The matching core: pure, single-writer, deterministic

crossbook-core is the heart, and it is deliberately boring. It is a continuous price-then-time-priority limit-order matcher in the sell-amount / buy-amount model, and it does no I/O, holds no clock, and runs no async. Matching is a pure function: (book_state, ordered_inputs) -> (new_state, trades). Anything non-deterministic (arrival ordering, the EIP-712 domain, the current time) is supplied from outside as input and never read from inside the core.

Purity buys two things. First, golden-replay determinism: I can record a sequence of submits and assert it always produces byte-identical fills, which makes a whole class of bugs reproducible. Second, an LMAX-style hot path with nothing to lock and nothing to wait on.

Prices are ratios, and ratios overflow

A limit order is a ratio: buyAmount / sellAmount. To order the book and to check whether a taker clears a maker, you compare two ratios (b1/s1 vs b2/s2), which is the same as comparing b1*s2 vs b2*s1. Never divide; division loses precision and would collapse distinct prices.

The trap is that with 18-decimal tokens, those operands approach 2^256, so the cross-product reaches ~512 bits. A naive U256 multiply panics in debug and silently wraps in release. So every ratio comparison widens to U512 first:

pub fn cmp_limit(b1: U256, s1: U256, b2: U256, s2: U256) -> Ordering {
    // b1/s1 vs b2/s2 is the same as b1*s2 vs b2*s1, widened so it cannot overflow.
    let lhs: U512 = b1.widening_mul(s2);
    let rhs: U512 = b2.widening_mul(s1);
    lhs.cmp(&rhs)
}
 
/// ceil(a*b / d). Rounds a maker's received amount up, in the maker's favor.
pub(crate) fn mul_div_ceil(a: U256, b: U256, d: U256) -> U256 {
    let num: U512 = a.widening_mul(b);
    let dd = to_u512(d);
    let q = num / dd;
    let q = if (num % dd).is_zero() { q } else { q + to_u512(U256::from(1u64)) };
    narrow(q)
}

Notice the ceil.

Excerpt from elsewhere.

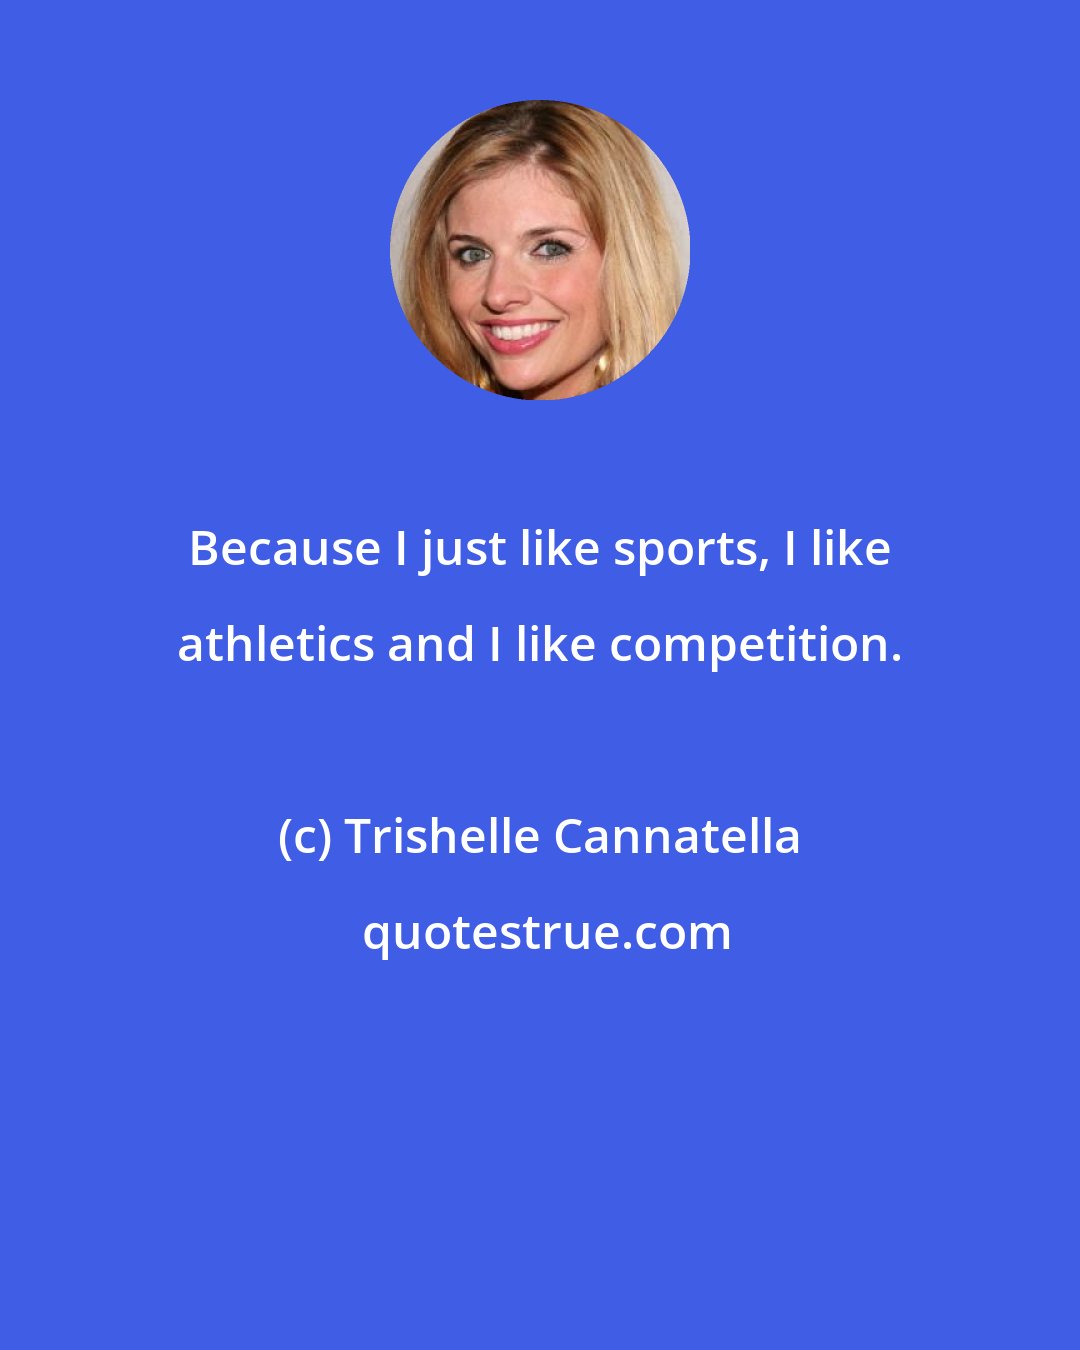 Trishelle Cannatella: Because I just like sports, I like athletics and I like competition.
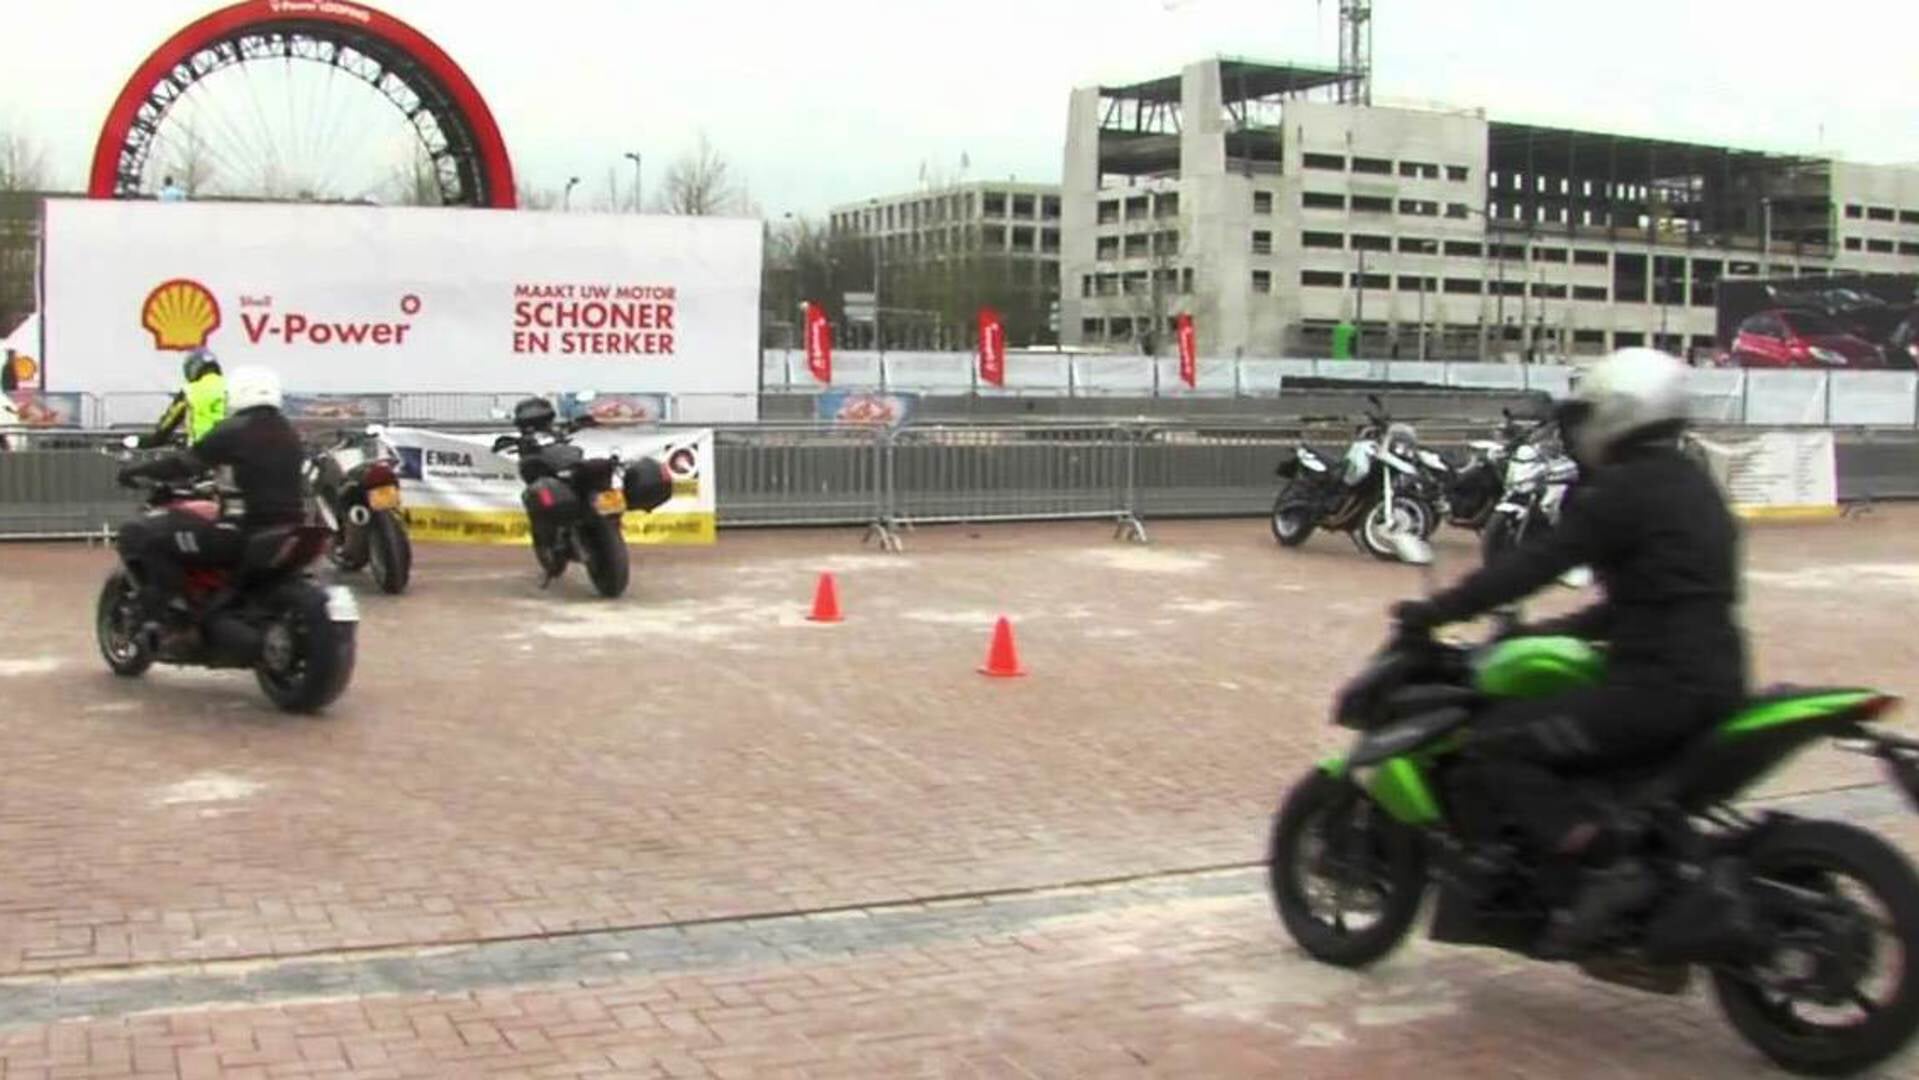 BOVAG Rijscholen heeft ook het event Try the Bike waarmee bezoekers van de MOTORbeurs worden getriggerd motorrijlessen te nemen.

When a maker is partially filled, the amount it receives is rounded up, in the maker's favor, so a maker always gets at least its signed limit price. Getting the rounding direction wrong is not cosmetic; it leaks dust against the user.

The hot path allocates nothing, and I can prove it

It's easy to claim a match loop is allocation-free. It's better to make it a test that fails if you're wrong. submit is split into a read-only planning phase that walks the opposite side cheapest-first into a reused scratch buffer, then a commit phase that applies fills by order hash. The caller passes in the output Vec and it's reused across submits, so the steady state never touches the allocator.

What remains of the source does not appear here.